When making sauerkraut, use firm, dense heads of cabbage with tightly packed leaves. A Japanese-style mandoline works well for shredding the cabbage.
When making sauerkraut, use firm, dense heads of cabbage with tightly packed leaves.
Yield: makes 8 cups
- 5 lb. finely shredded white cabbage
- 3 1⁄2 Tbsp. kosher salt
- Combine shredded cabbage and salt in a large bowl. Using a potato masher or a wooden spoon, pound cabbage for 10 minutes to bruise it and extract juices. Working in batches, transfer the cabbage and juices to a 1-gallon jar, pressing each layer down with the masher before adding the next batch. Press a small plate into the jar onto the surface of the cabbage to weight it down. Cover jar with 4 layers of cheesecloth secured with kitchen twine.

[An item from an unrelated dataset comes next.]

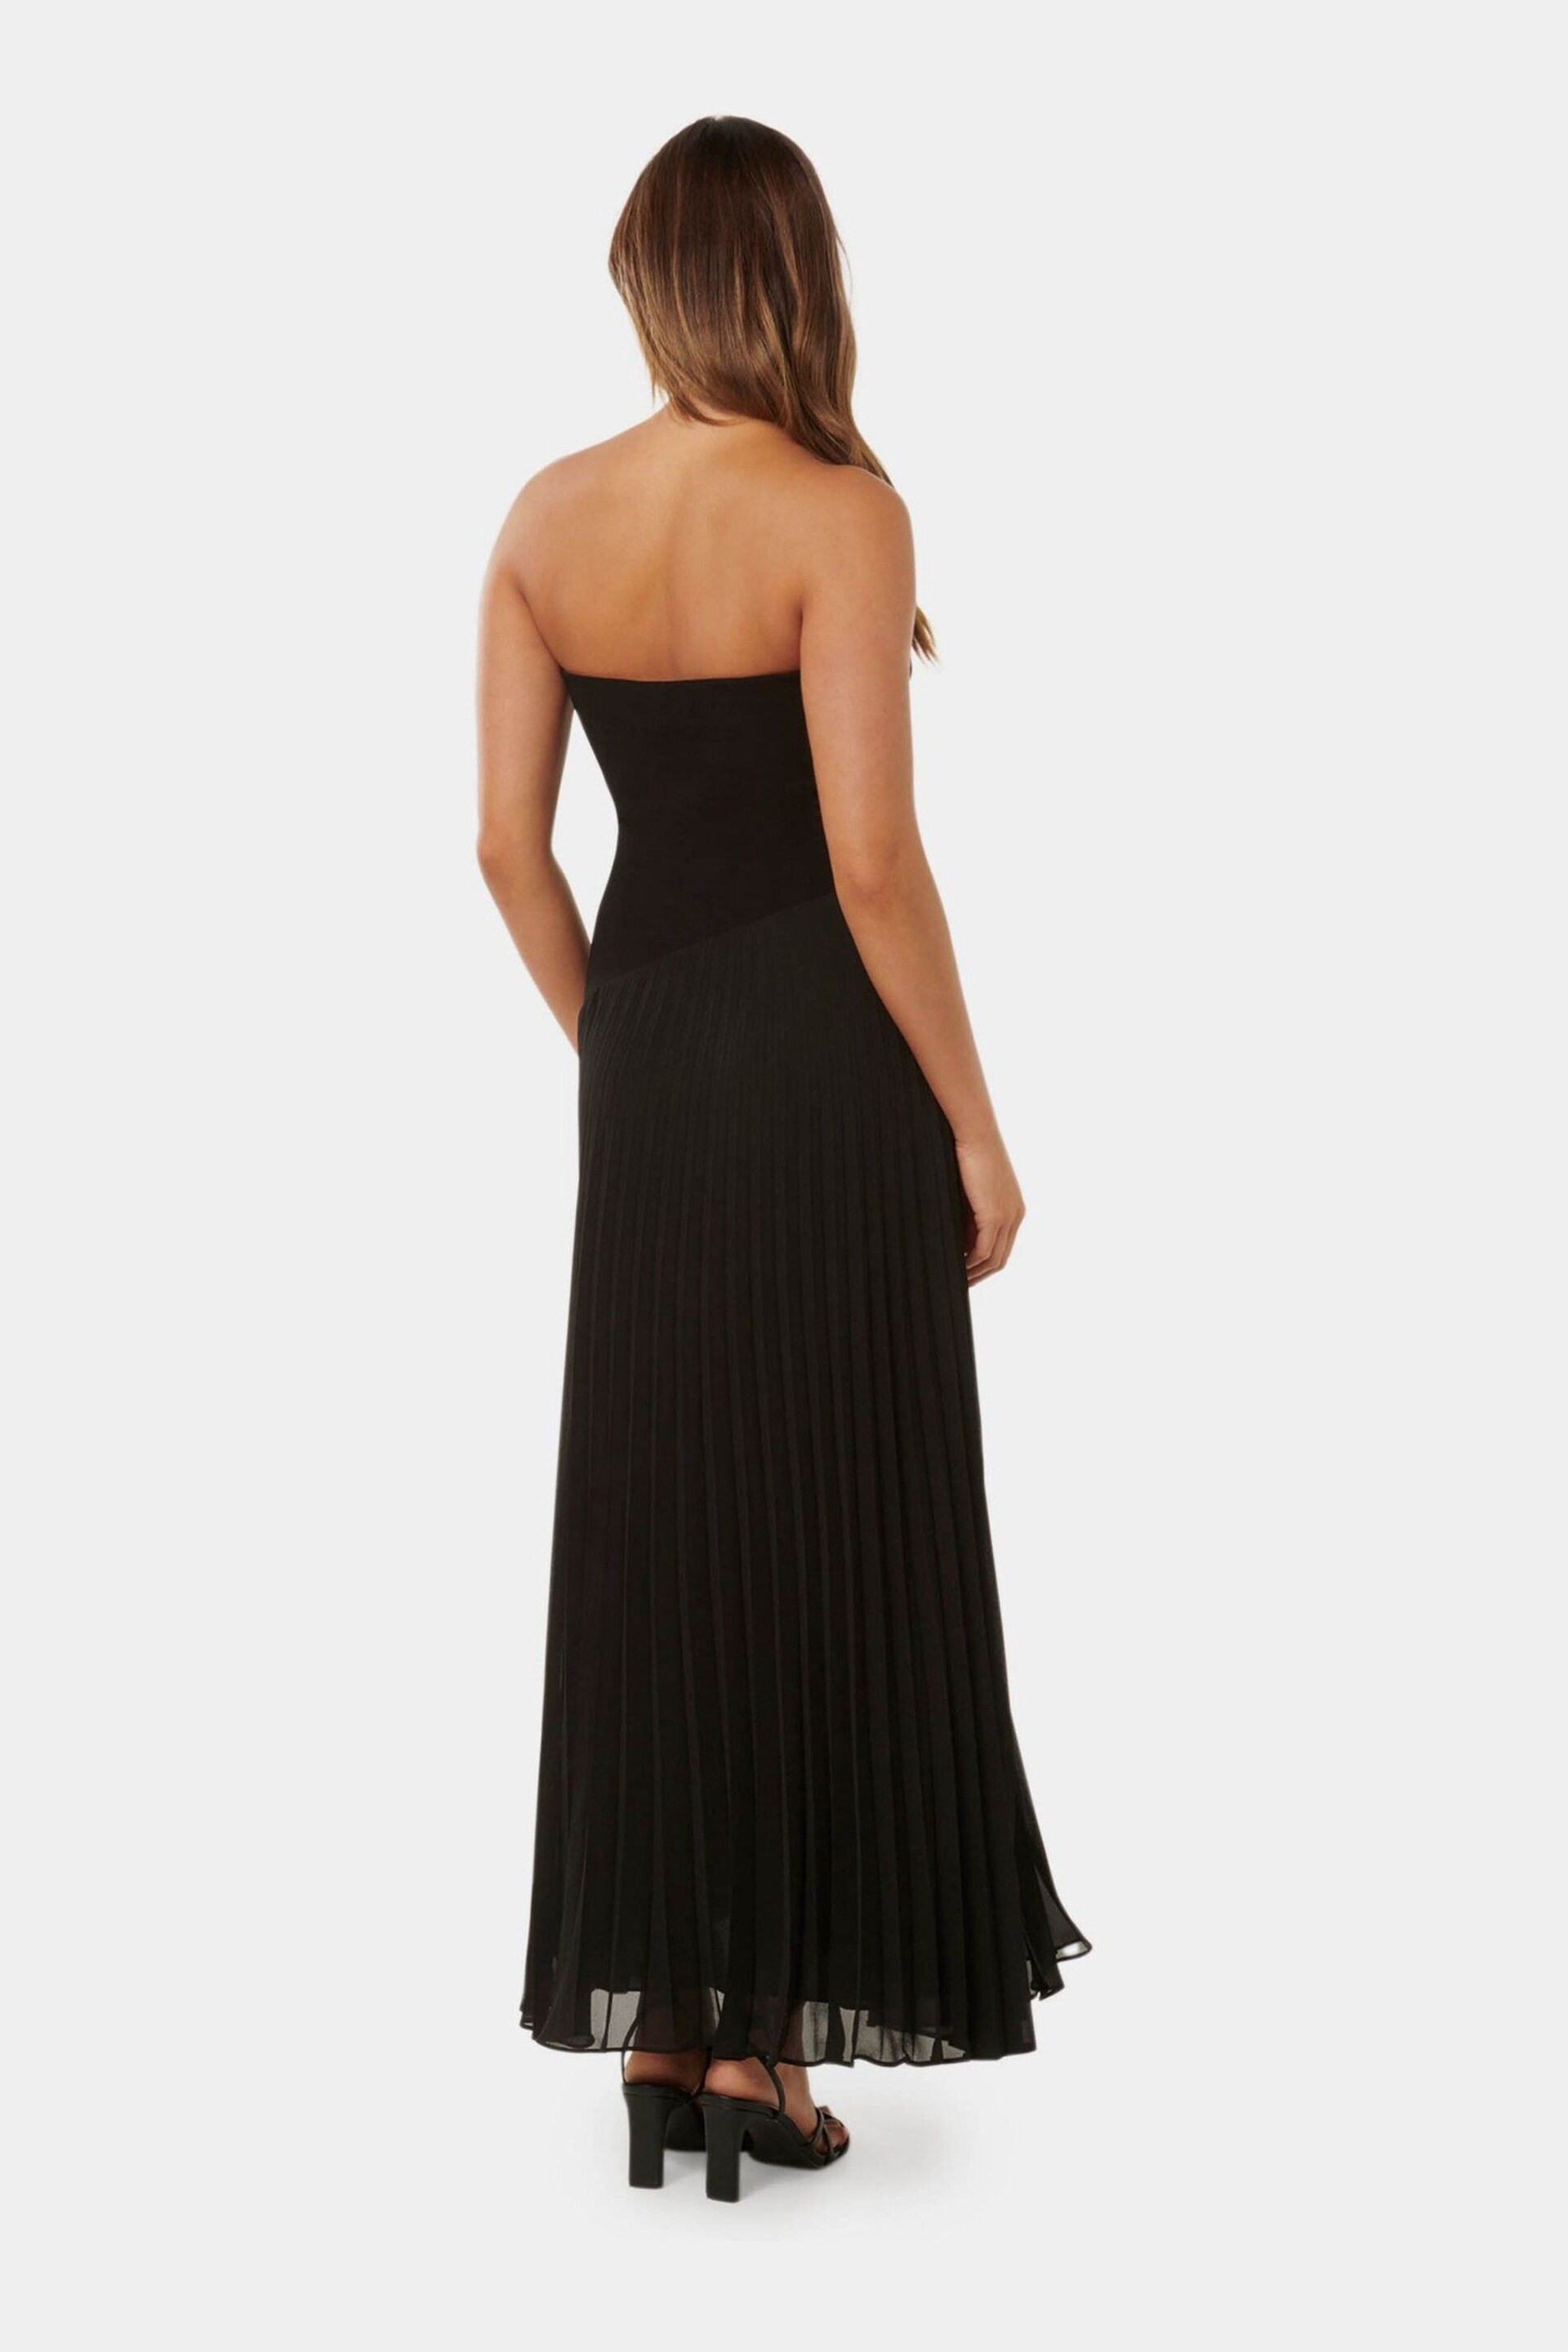 Forever New Black Capri Strapless Pleated Midi Dress - Image 4 of 4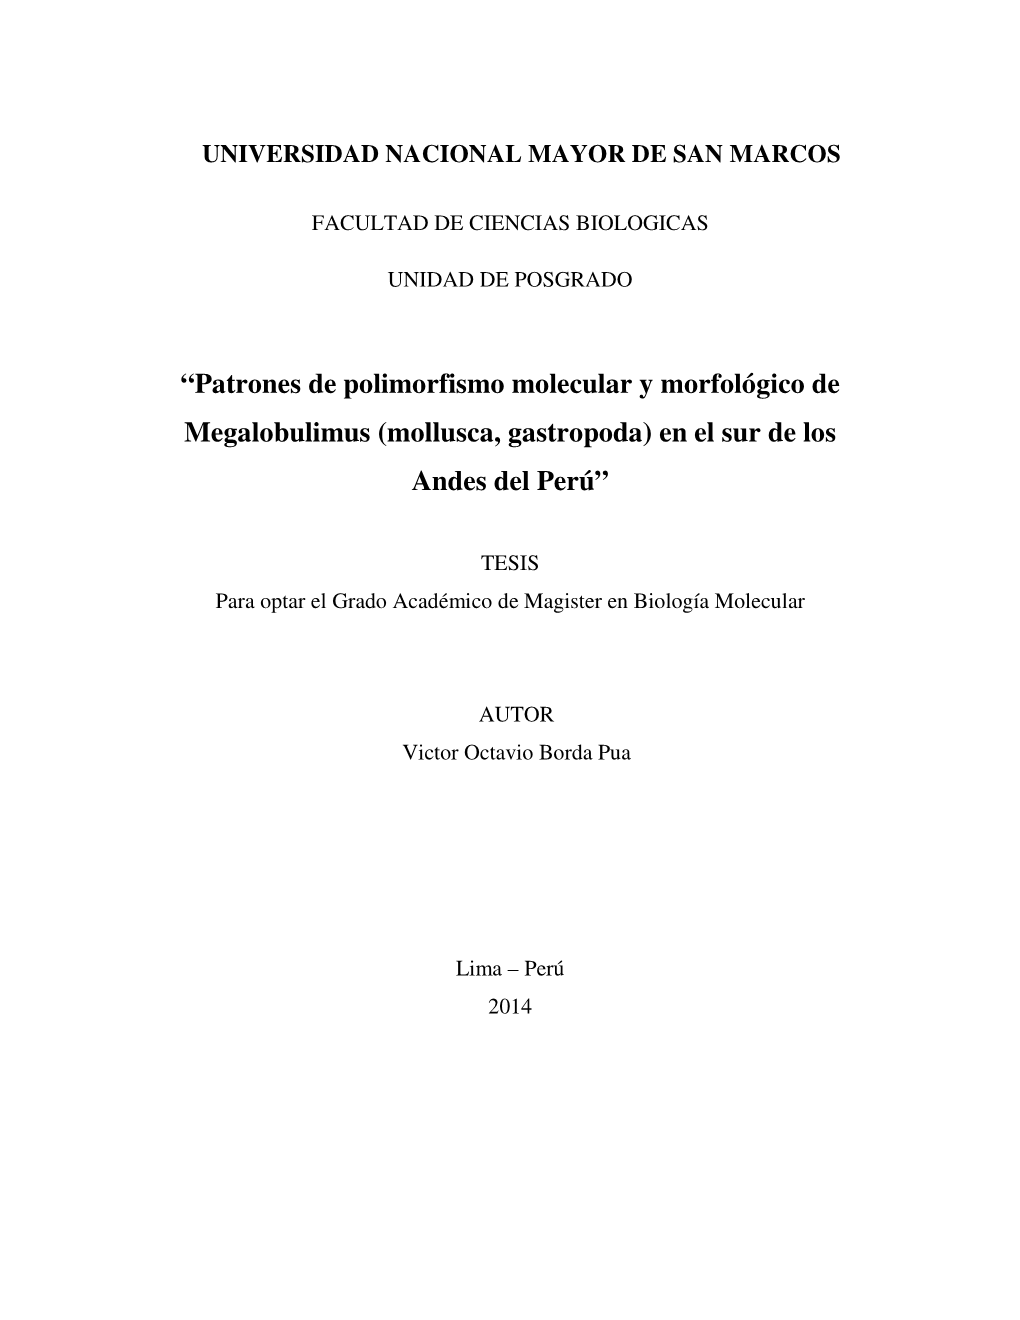 Patrones De Polimorfismo Molecular Y Morfológico De Megalobulimus (Mollusca, Gastropoda) En El Sur De Los Andes Del Perú”

- Let cabbage sit and ferment at room temperature, skimming any white froth from the surface of the liquid every other day and discarding portions of the cabbage that turn brown, for up to 3 weeks before transferring it to two 1-qt. jars and refrigerating. The flavor of the sauerkraut will deepen as it sits. Use it after about 10 days for a brighter new sauerkraut flavor or after a couple of months for a stronger classic sauerkraut flavor. Sauerkraut will keep in the refrigerator for up to 6 months.